Asian high-end technology stocks offer the best hedge against the prospect of a prolonged Iran war, according to an emerging-markets equity fund that’s beaten 96% of its peers over the past year. The Robeco Emerging Stars Equities fund has more than 40% of its assets in South Korean and Taiwanese shares, reflecting its view that chipmakers tied to artificial intelligence will retain their pricing ...
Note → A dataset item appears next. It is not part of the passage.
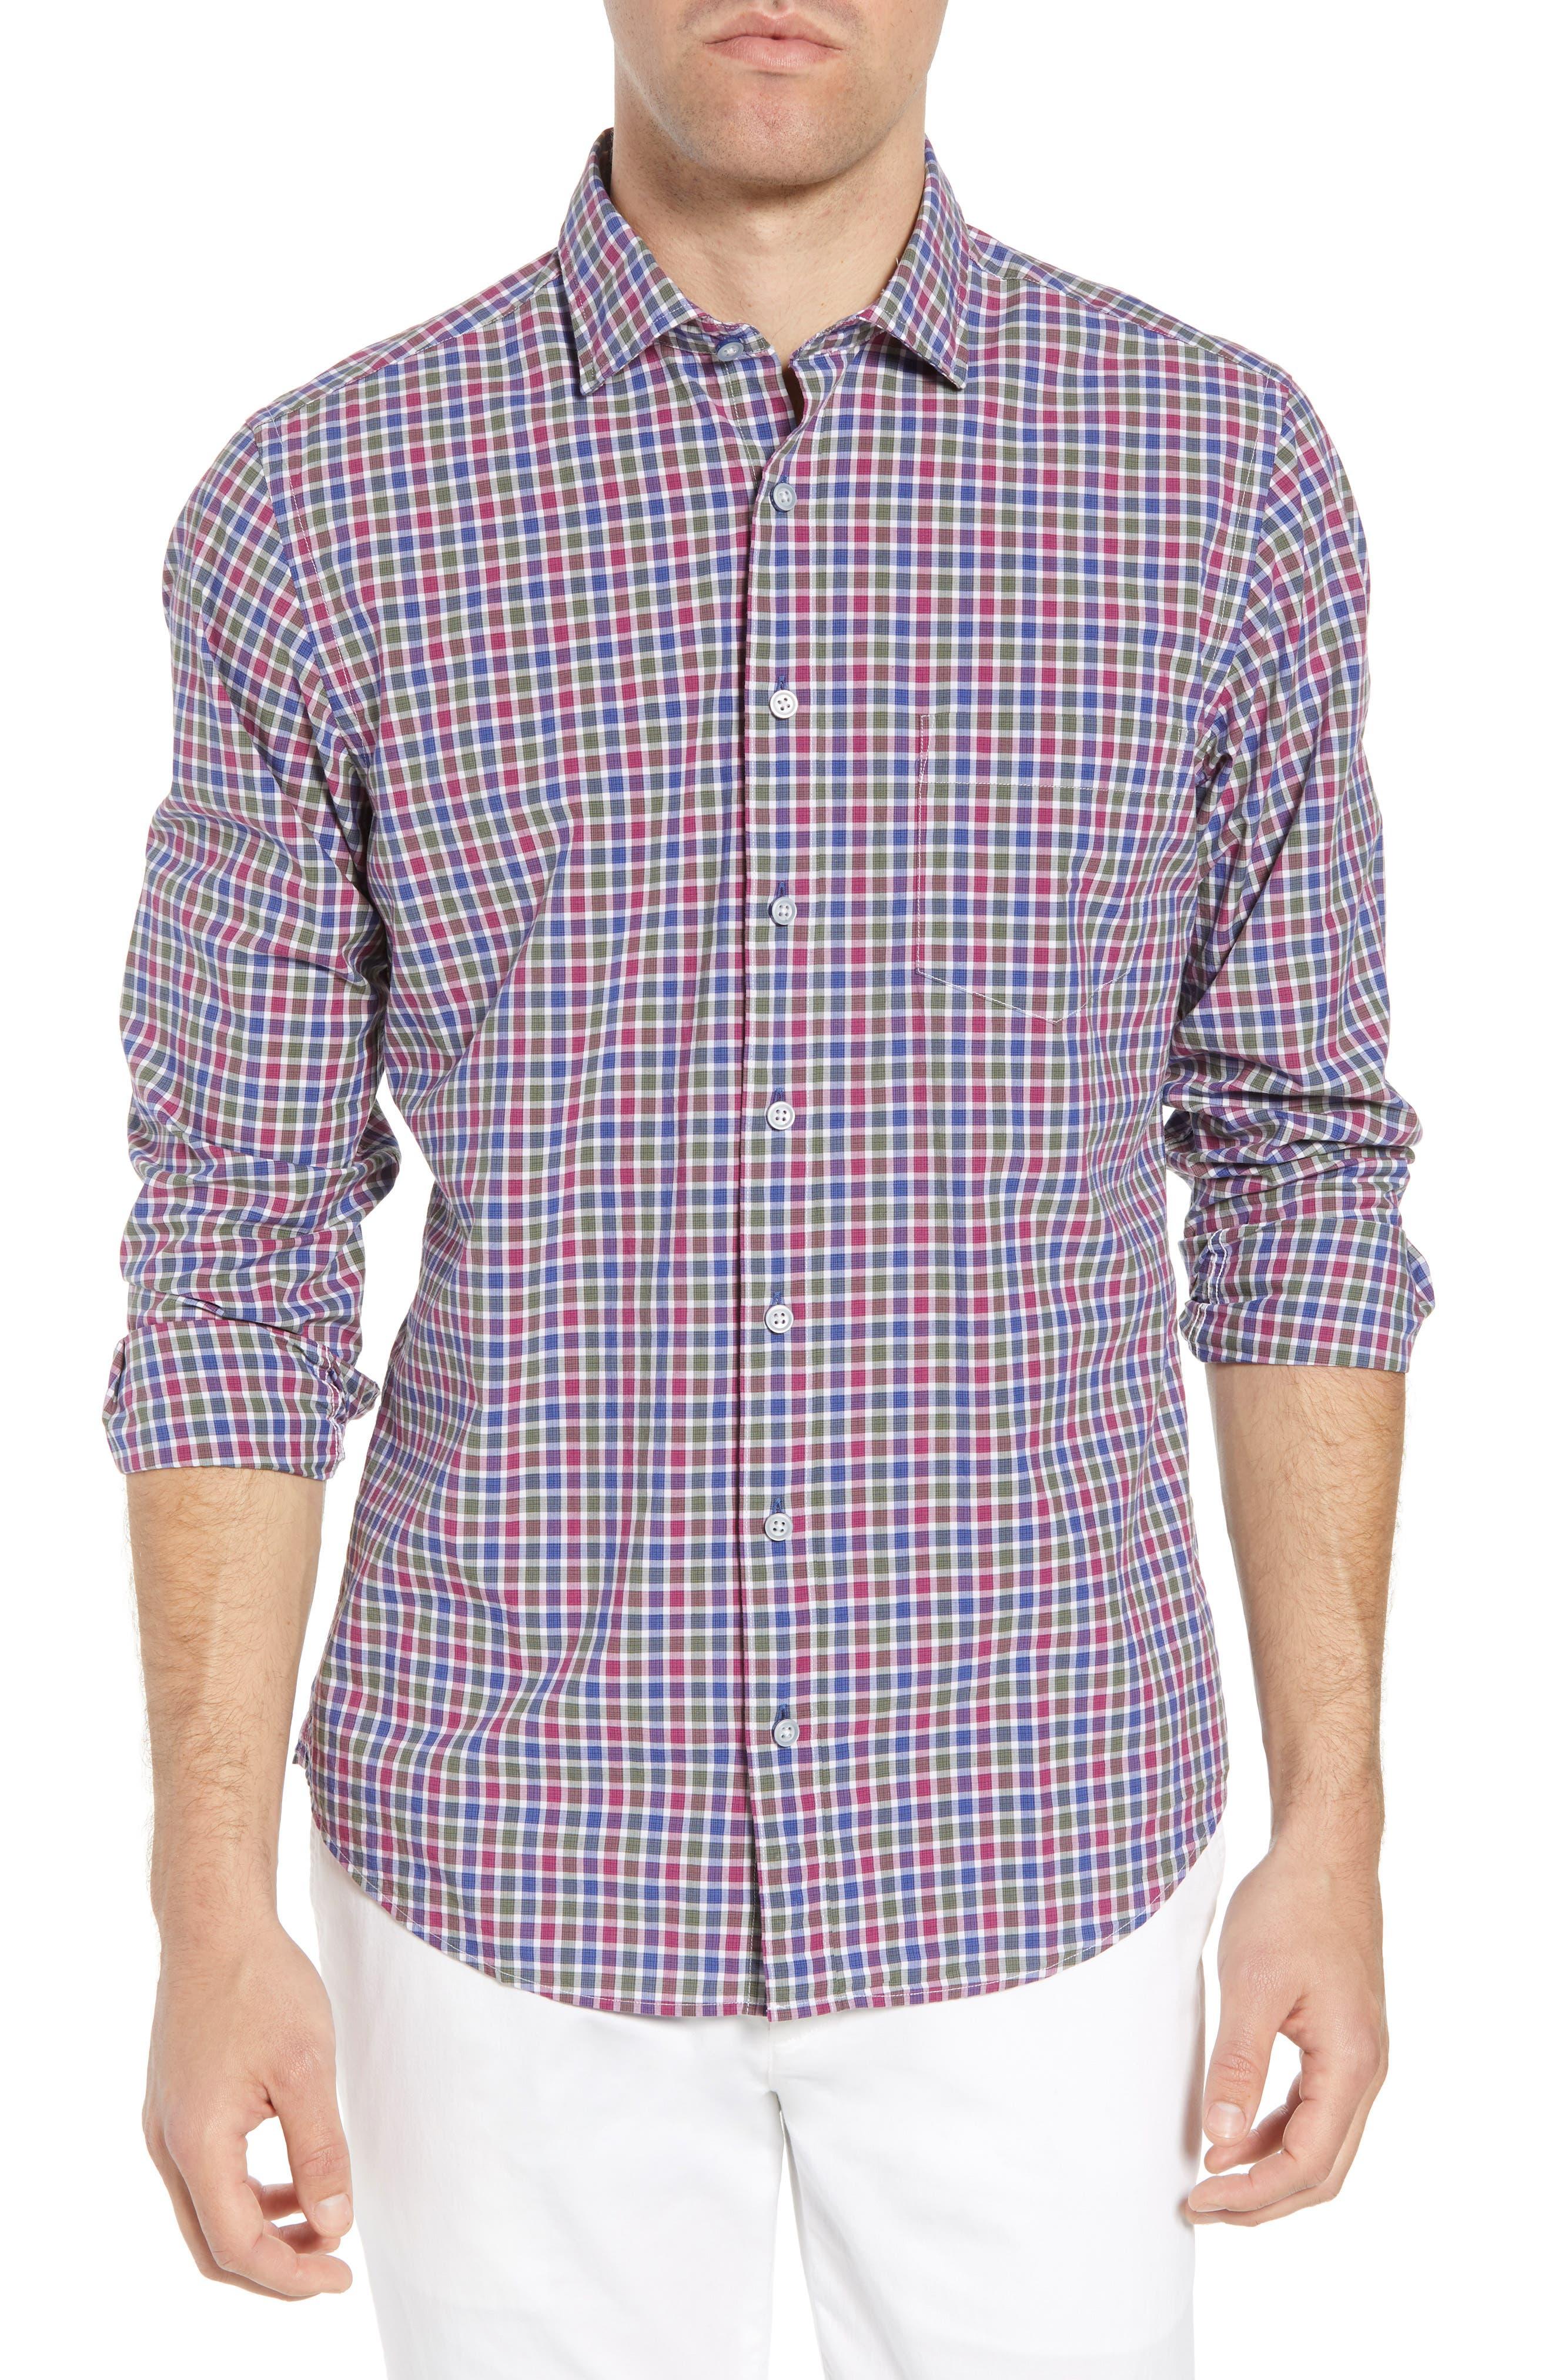 Alternate Image 1 Selected - Rodd & Gunn Macreas Flat Regular Fit Sport Shirt
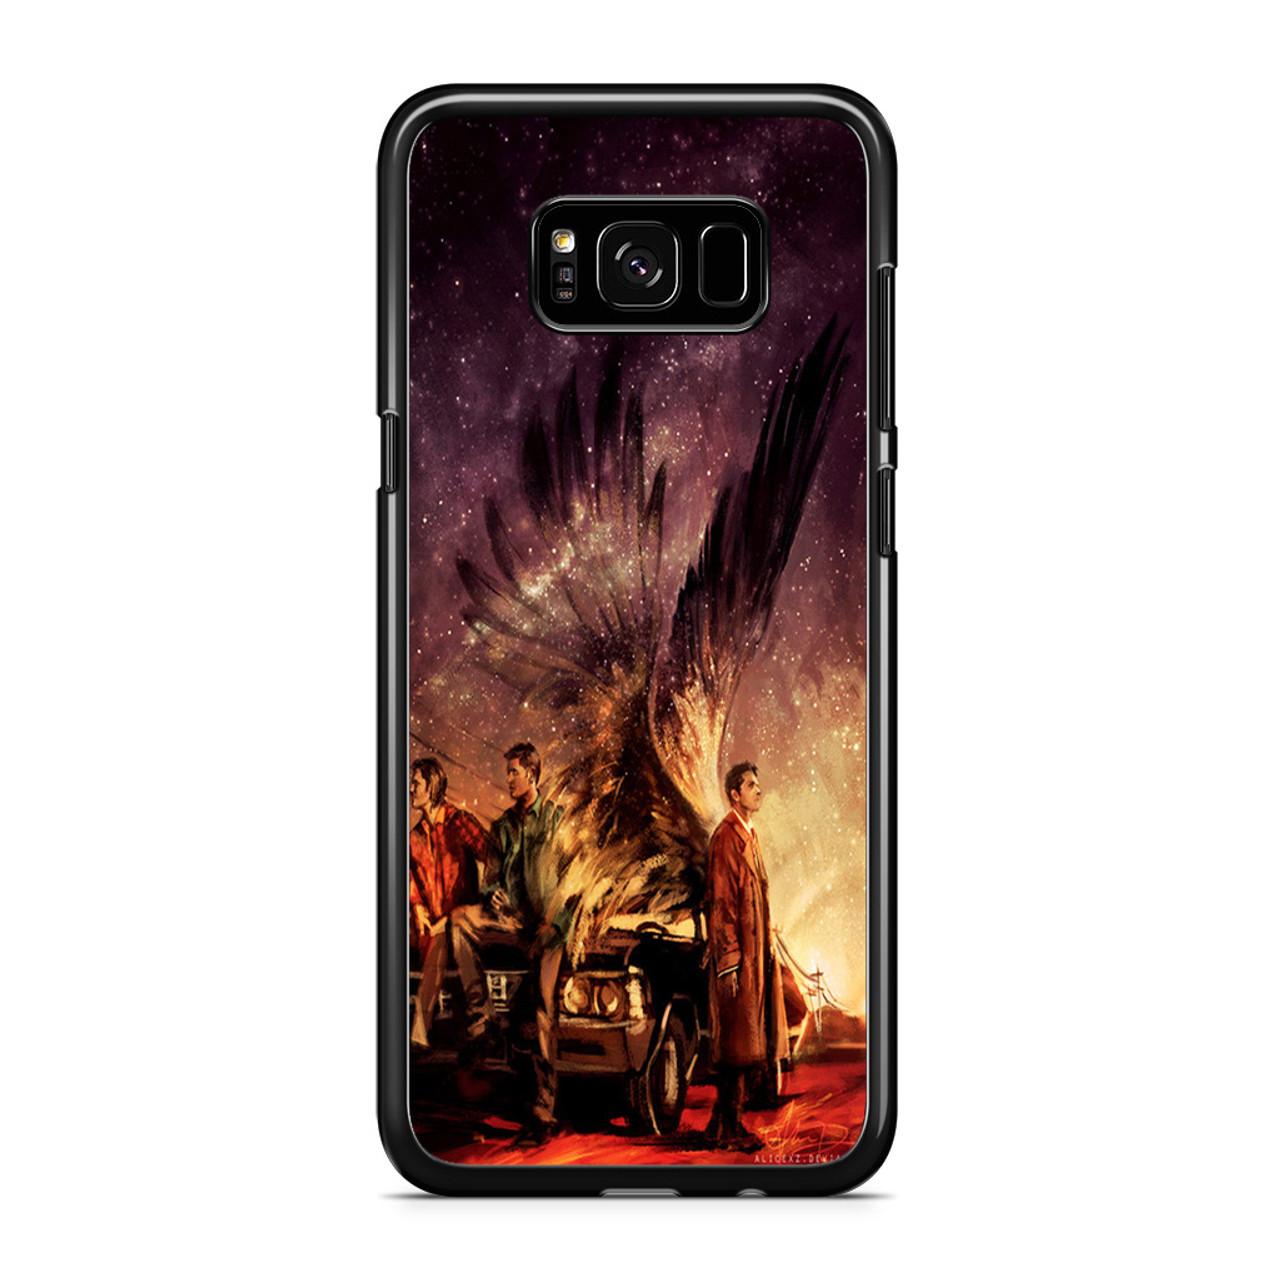 brand new 8eb41 2635d Supernatural Painting Art Samsung Galaxy S8 Case

Asian high-end technology stocks offer the best hedge against the prospect of a prolonged Iran war, according to an emerging-markets equity fund that’s beaten 96% of its peers over the past year. The Robeco Emerging Stars Equities fund has more than 40% of its assets in South Korean and Taiwanese shares, reflecting its view that chipmakers tied to artificial intelligence will retain their pricing power even in a downturn, according to client portfolio manager Jan de Bruijn . “AI is not going to just die because of a global recession,” de Bruijn said in an interview. “Taiwan has a 80% market share, if not more, in logic chips. The Koreans have about 80%-to-90% share of the high-bandwidth memory chip market. So clearly they can pass a lot of costs through.” The fund, which had total assets of $4.6 billion at the end of February, returned 45% over the past year, including 6.8% so far in 2026, according to data compiled by Bloomberg. One of the fund’s strategies is to undertake proxy trades, where it buys shares in holding companies that trade at steep discounts to their underlying assets — sometimes as much as 60%. This allows it to gain exposure to its favored themes at relatively attractive valuations. The fund therefore owns SK Square Co. , instead of SK Hynix Inc. , and Naspers Ltd. instead of Tencent Holdings Ltd. Read more: Memory Is Wall Street’s Favorite Tech Trade as Mag 7 Disappoints “What you sometimes find is there’s a holding company that has a stake in a company, and then when you do a sum of parts, you’ll find that you’re getting into that stock story at a big discount,” he said. “We feel that discount will narrow over time.” The fund is overweight in Latin America and holds selective exposure in Asia, while it’s underweight the Middle East. “We’ve ended up, I think being positioned reasonably well for what’s going on at the moment,” de Bruijn said.